* Goal of the exercise *
Starting at the line that contains "World Travel 2024", return every line through the end of the data exactly, without pictures.

* Data excerpt *
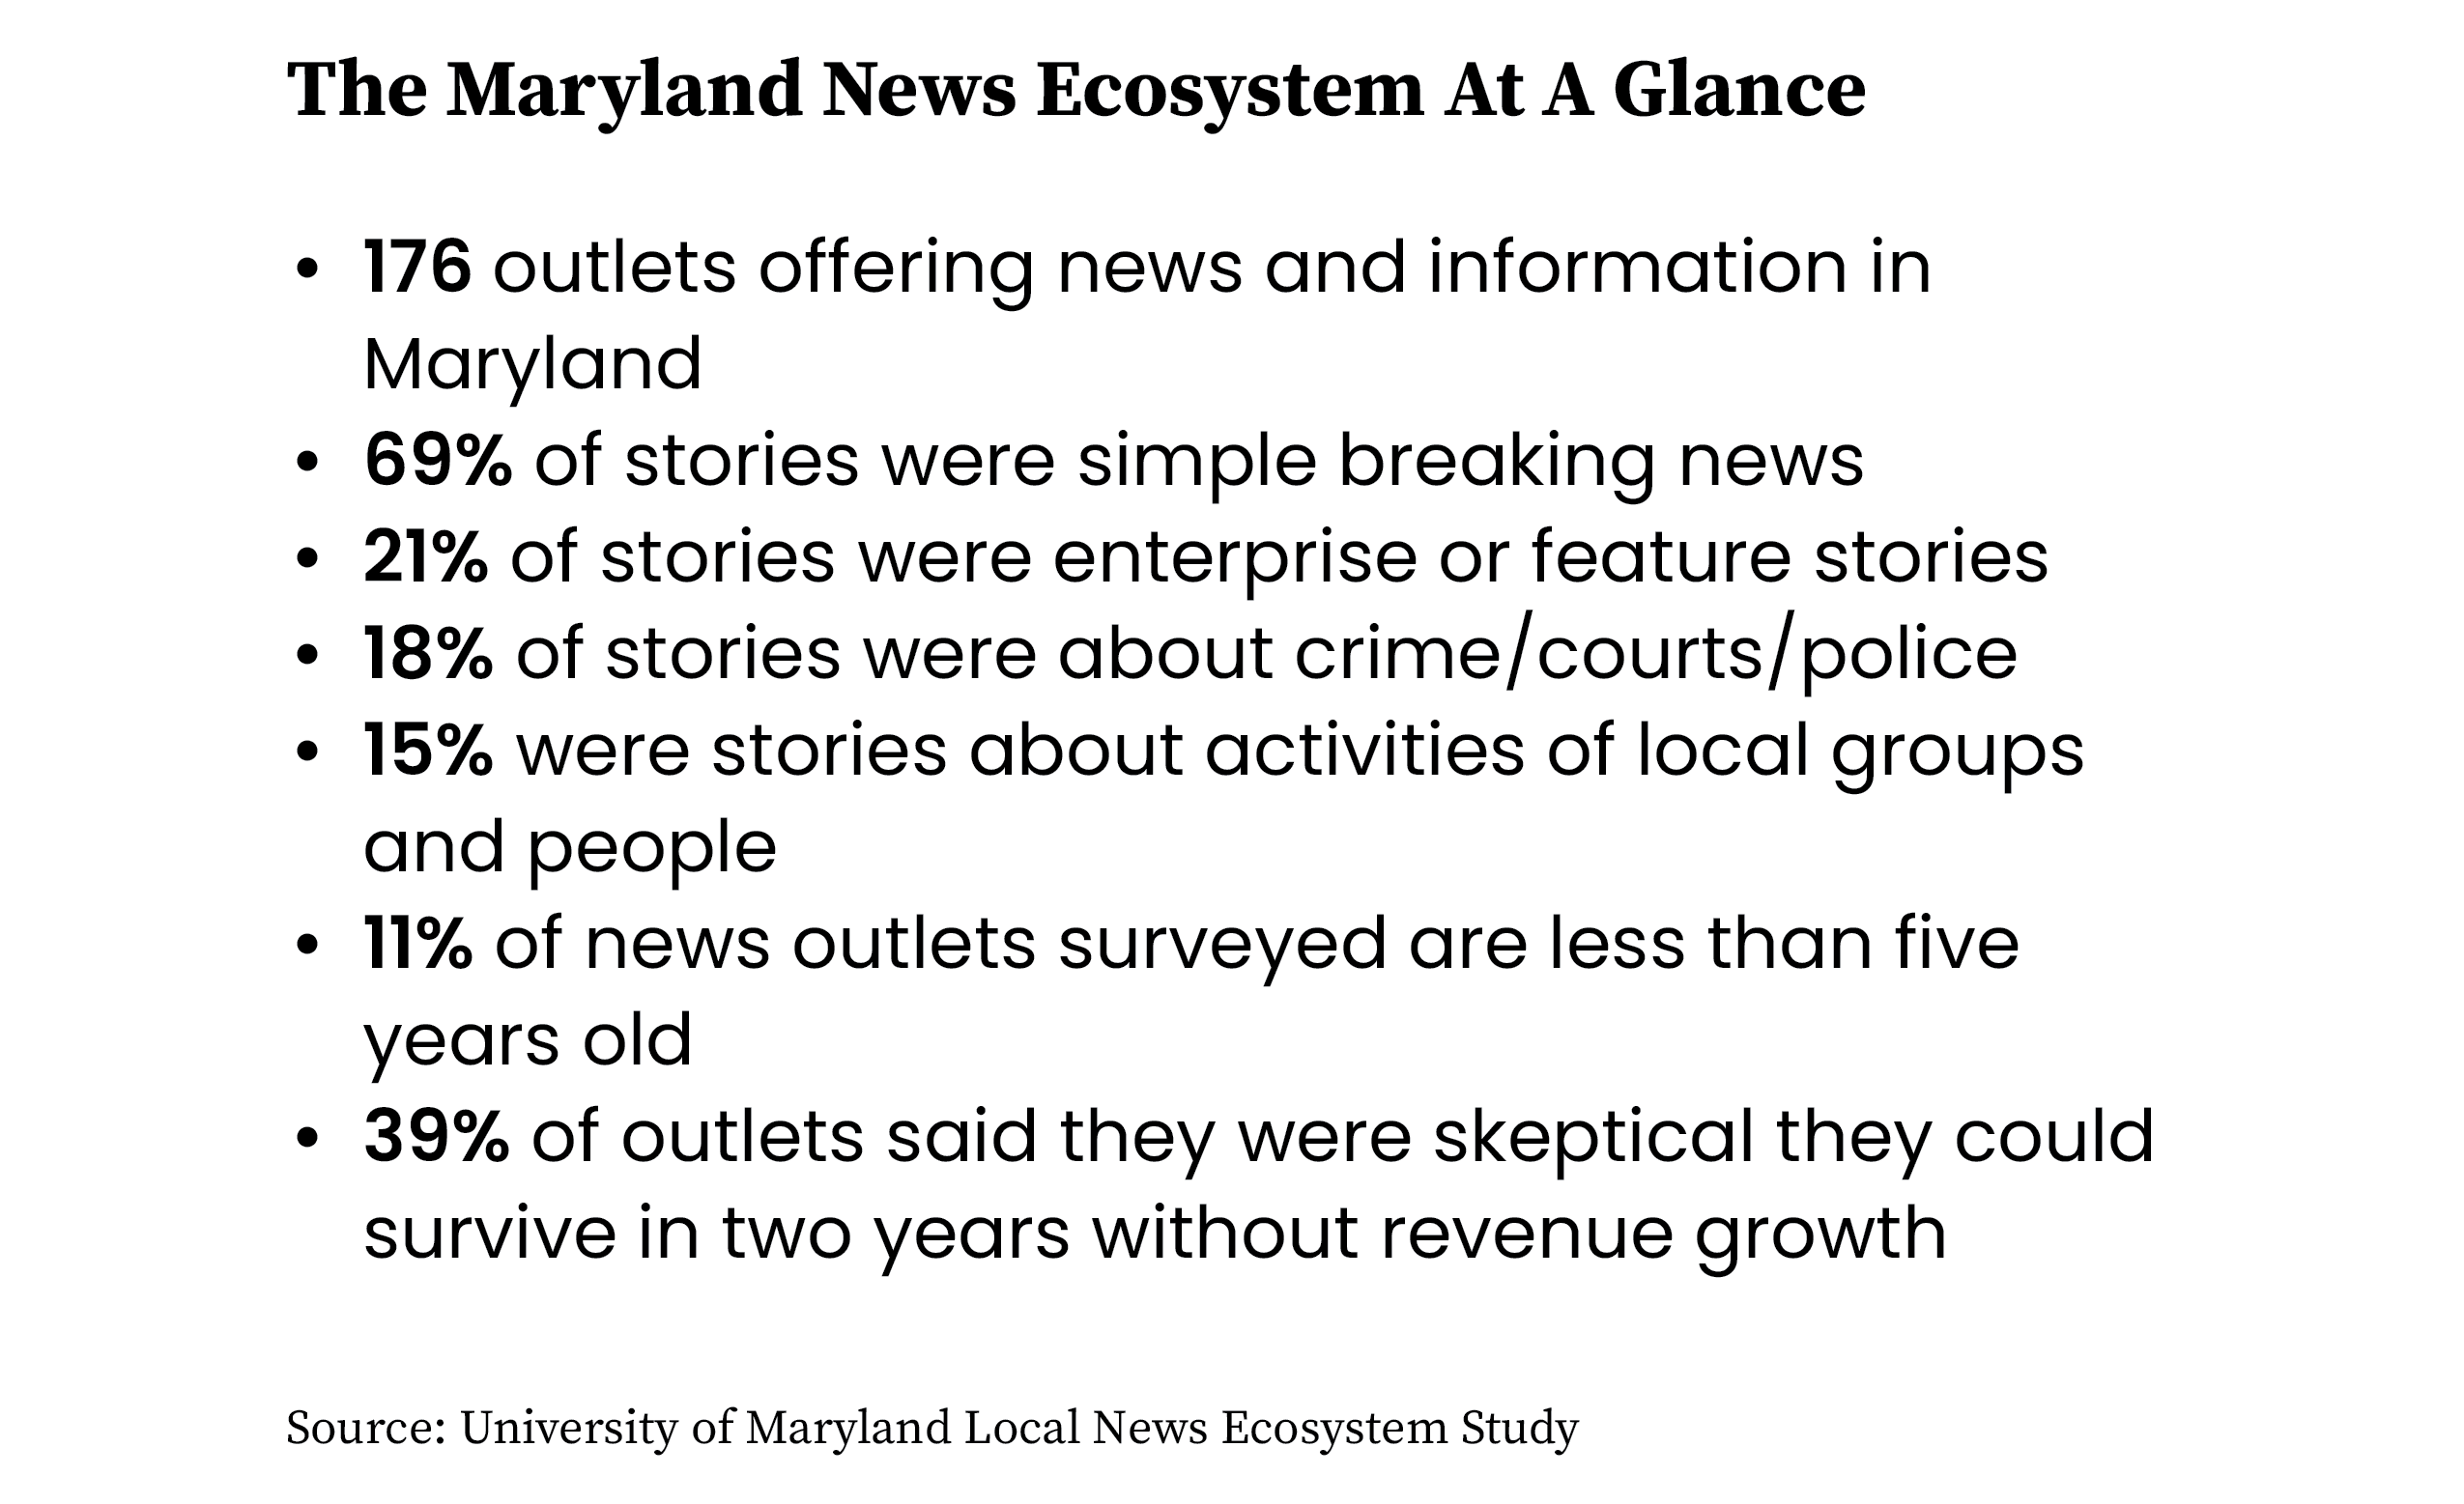 UMD Maryland Local News Ecosystem Study at a glance.
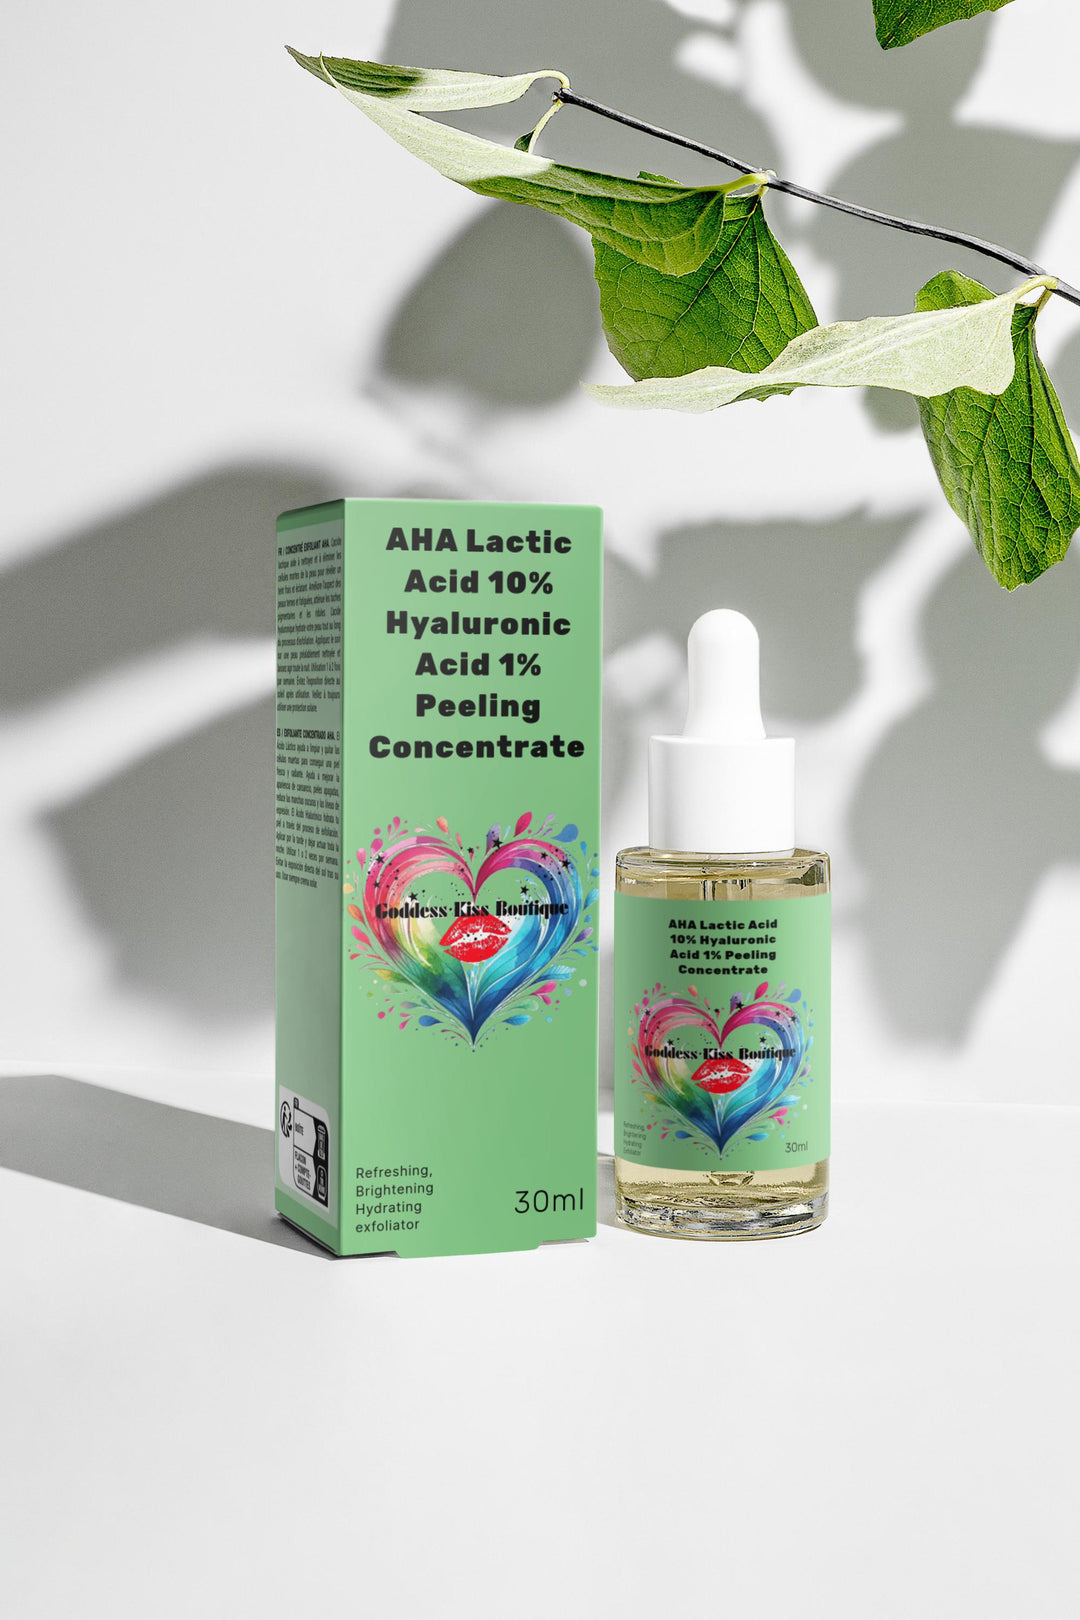 AHA Lactic Acid 10% Hyaluronic Acid 1% Peeling Concentrate
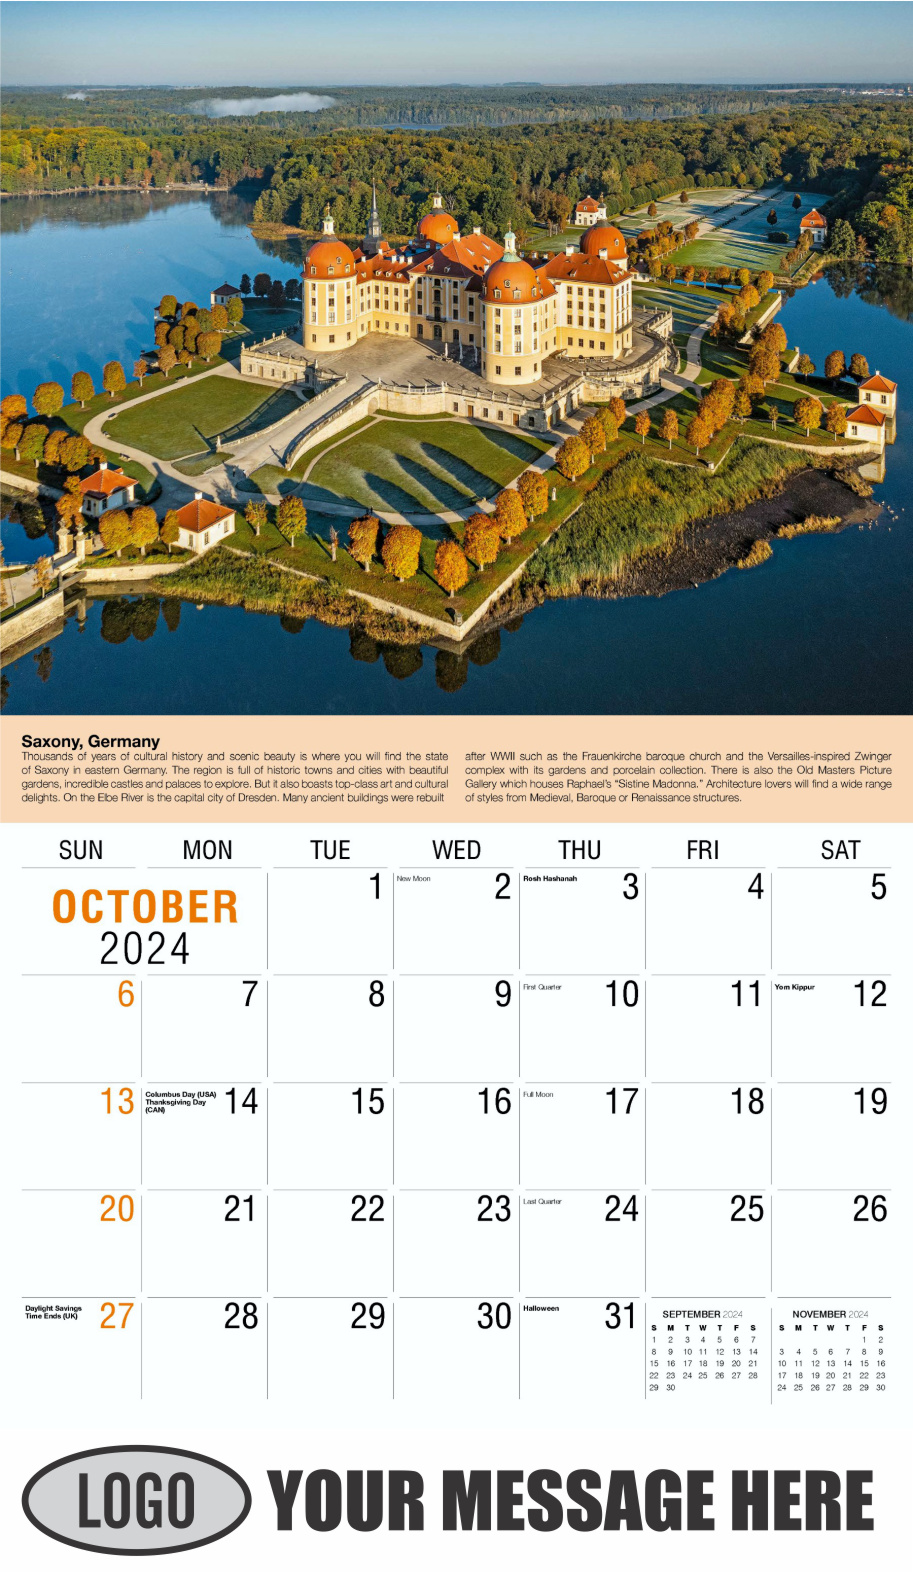 World Travel 2024 Business Advertising Wall Calendar - October
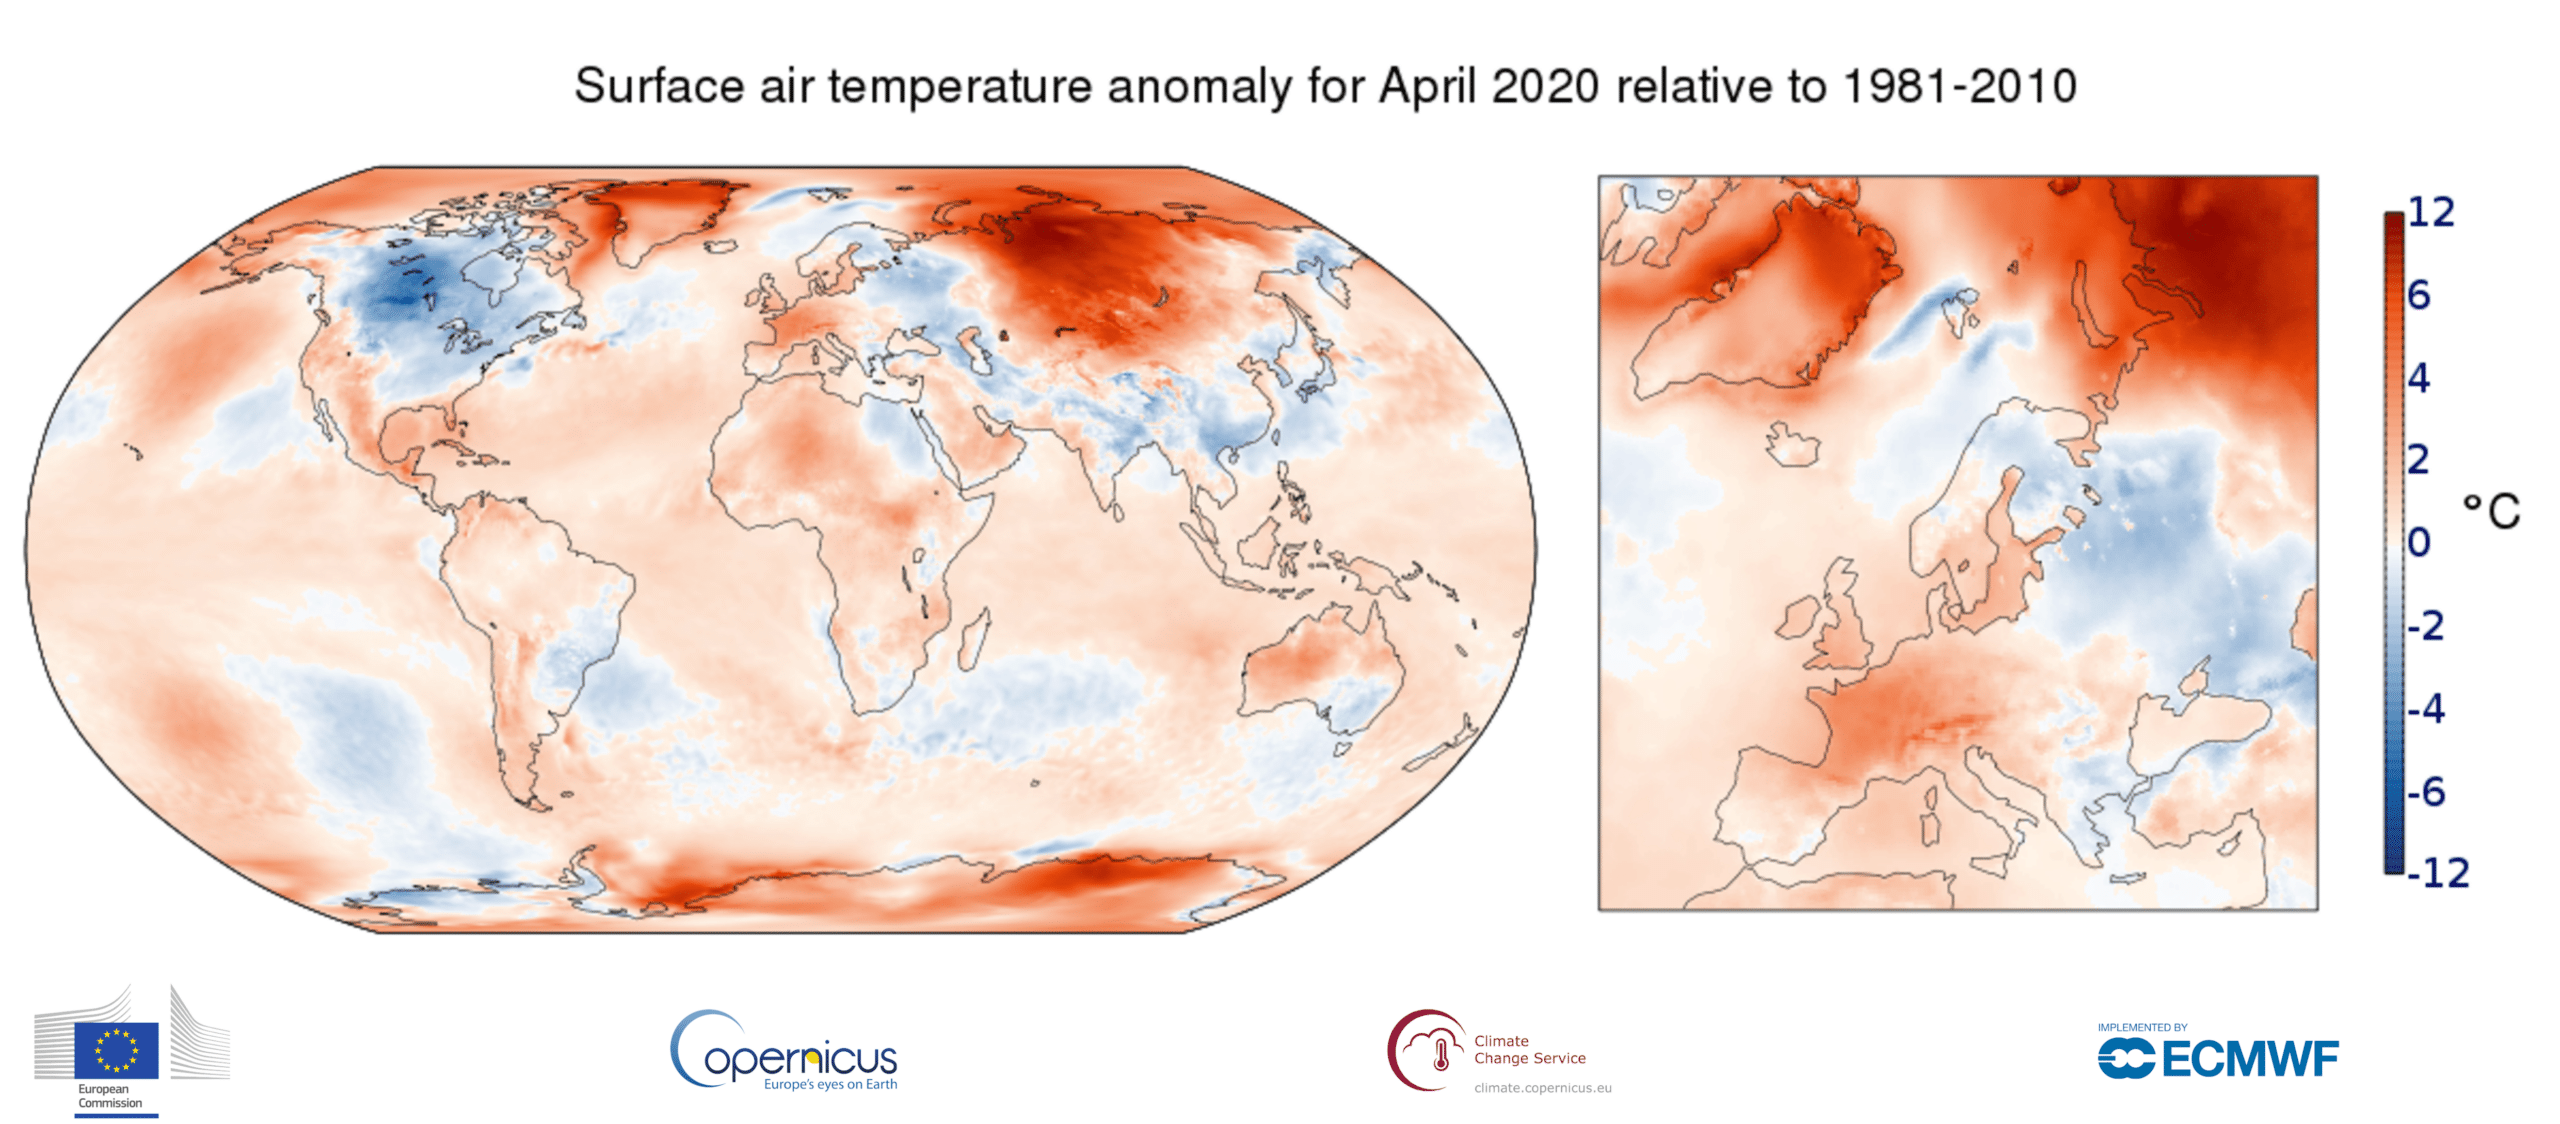 Source: https://climate.copernicus.eu/surface-air-temperature-april-2020

* Problem solution *
 World Travel 2024 Business Advertising Wall Calendar - October
 Source: https://climate.copernicus.eu/surface-air-temperature-april-2020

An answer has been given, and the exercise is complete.